Using Additional Memory

The amount of memory that SQL Server can access depends on the Windows operating system used. Microsoft Windows NT Server 4 supports 4 gigabytes (GB) of memory, of which 2 GB is allocated for user processes and 2 GB is reserved for system use. This 2-GB limit represents the maximum amount of memory that can be allocated for SQL Server with NT 4. But with Windows NT Server 4 Enterprise Edition, the amount of virtual memory allocated for a process is 50 percent larger—3 GB. This increase is possible because the system allocation is reduced to 1 GB. This increase in virtual memory allocated to processes allows you to increase the size of the memory pool to close to 3 GB. To enable this support in Windows NT 4 Enterprise Edition, you must add the flag /3GB to the boot line in the Boot.ini file, which can be done through the System icon that appears in Control Panel.

For two editions of the Windows 2000 operating system, SQL Server 2000 Enterprise Edition can use the Windows 2000 Address Windowing Extensions (AWE) API to support larger address spaces.
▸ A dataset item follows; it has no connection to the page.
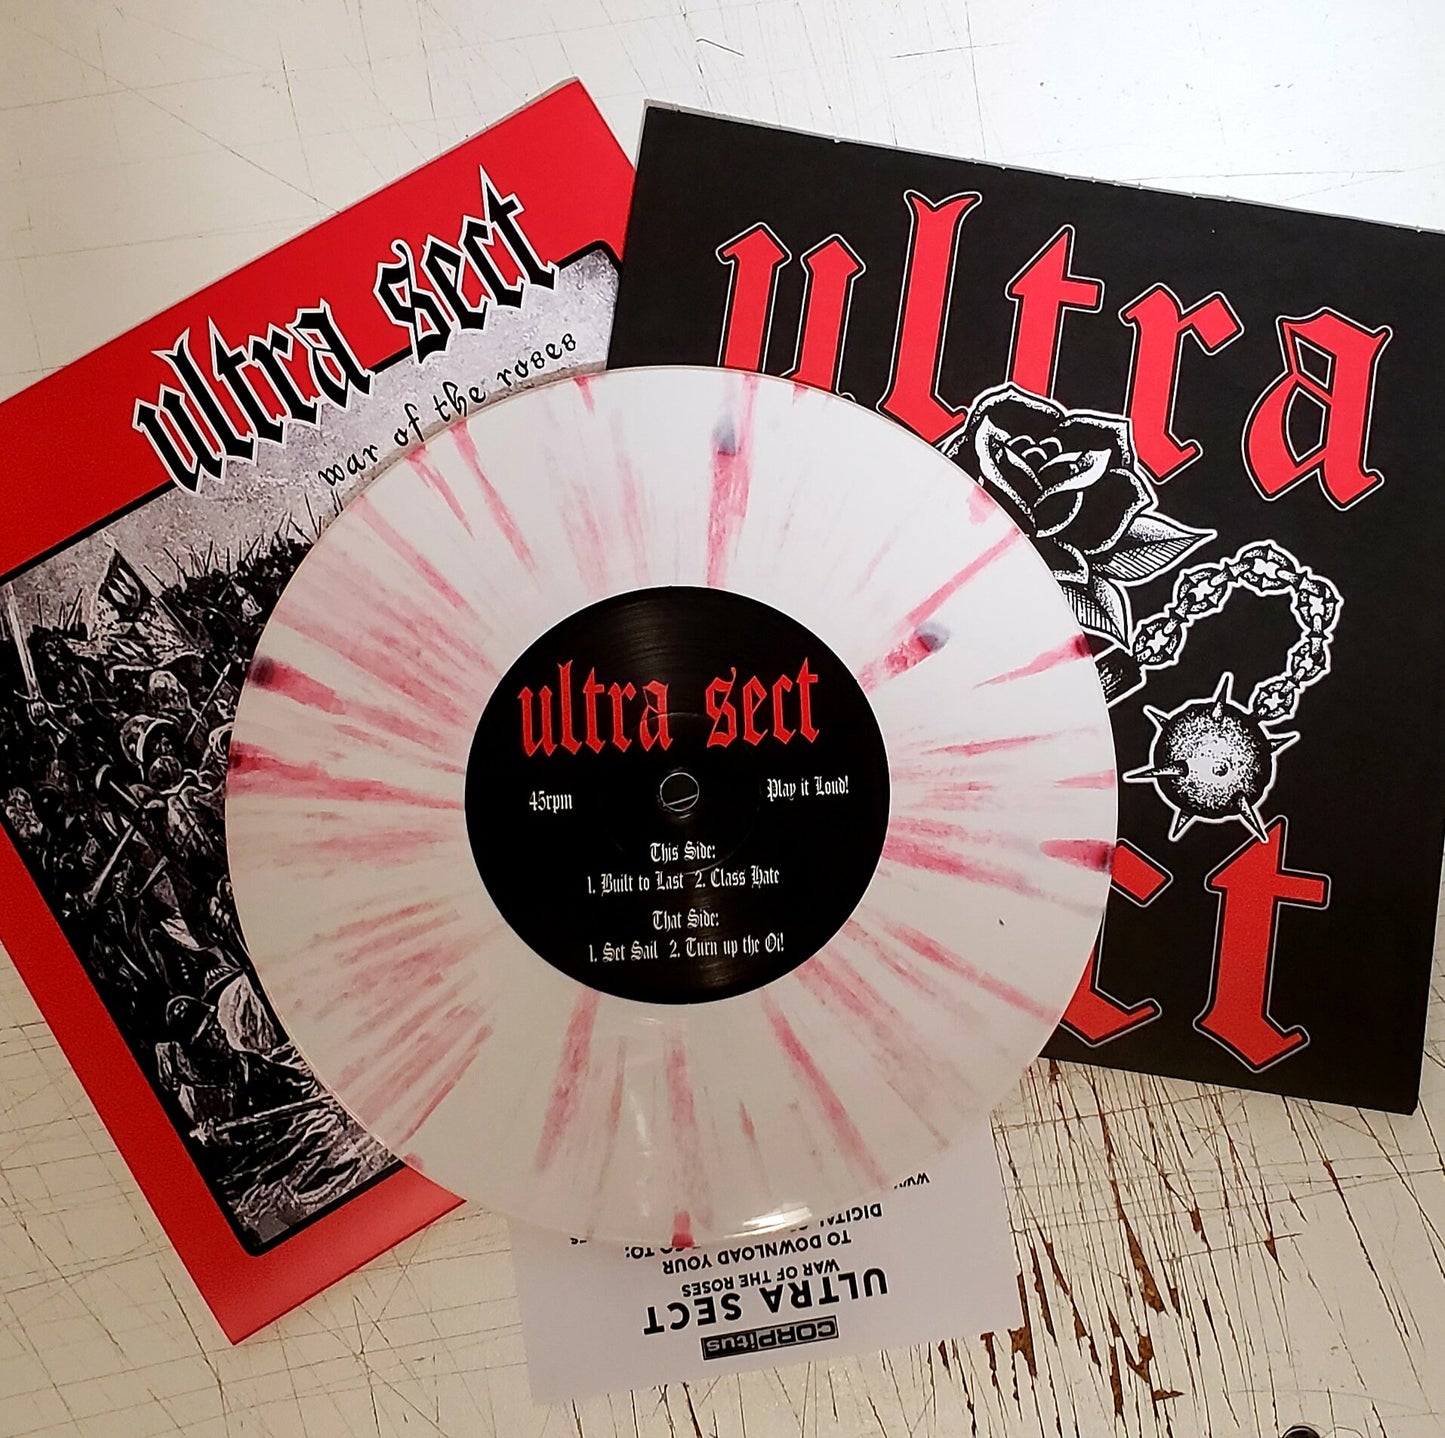 Ultra Sect "War of the Roses" 7" EP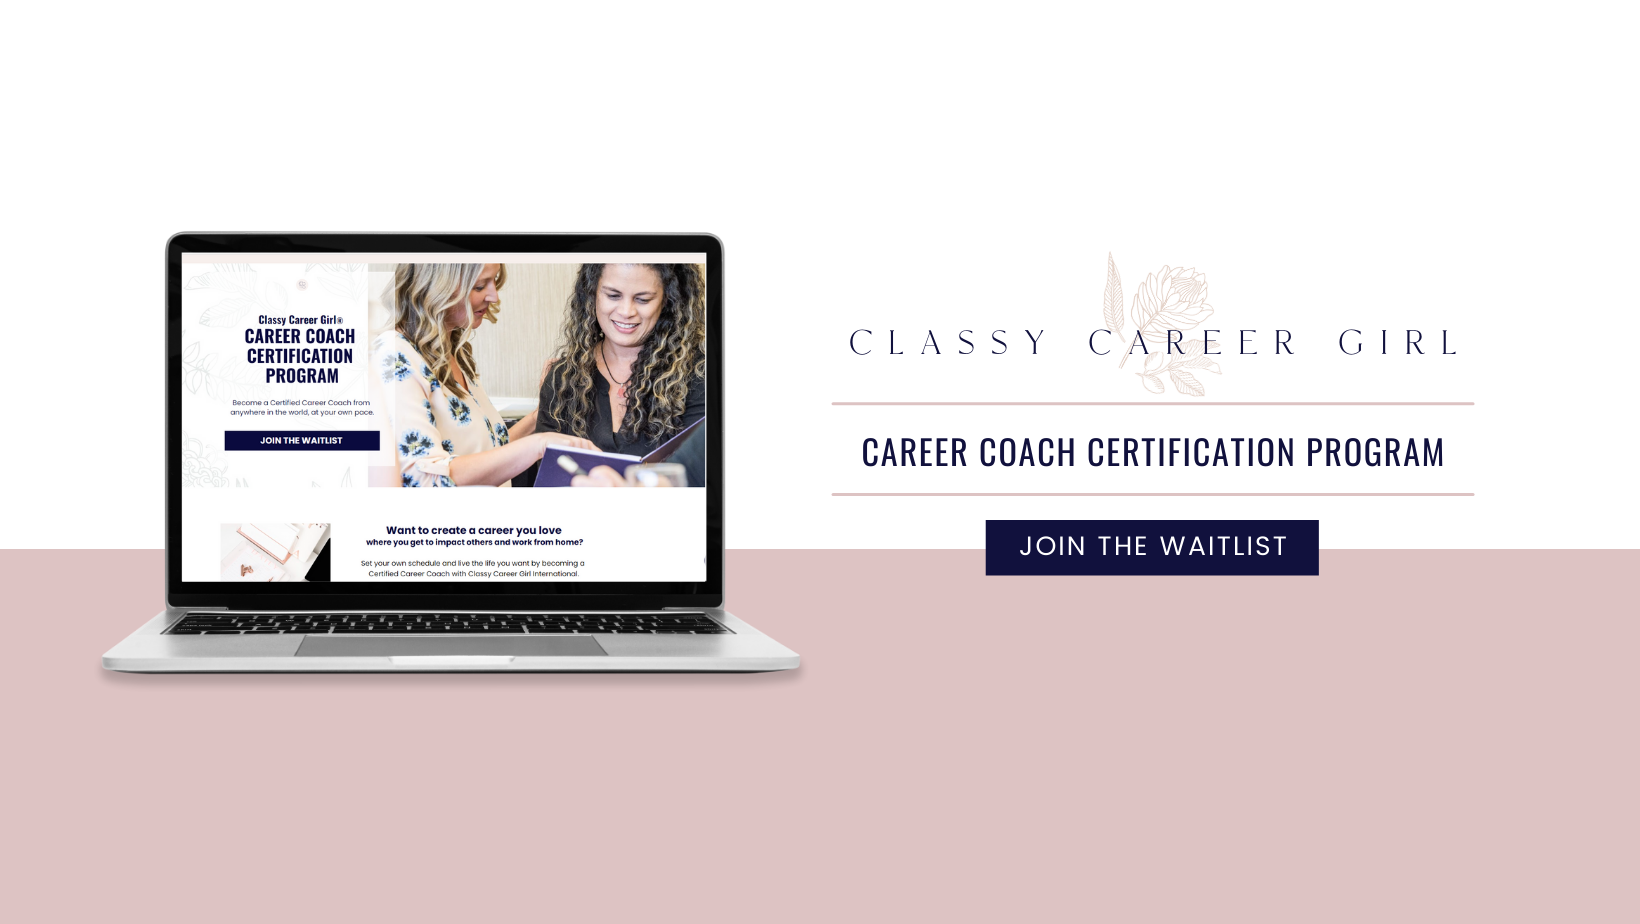 Join the Classy Career Girl Career Coach Certification Program and build your coaching business today!

SQL Server supports close to 8 GB on Windows 2000 Advanced Server and close to 64 GB on Windows 2000 Datacenter Server. AWE is supported on only these two operating systems; it is not supported on Windows 2000 Professional. (See Chapter 2 of this book and the topic "Using AWE Memory on Windows 2000" in Books Online for more details.)

SQL Server Memory Configuration Options

The following SQL Server configuration parameters are associated with specific aspects of memory allocation. You can set these parameters by using either SQL Server Enterprise Manager or the sp_configure stored procedure. To view all of these parameters by using sp_configure, you must have the option show advanced options set to 1.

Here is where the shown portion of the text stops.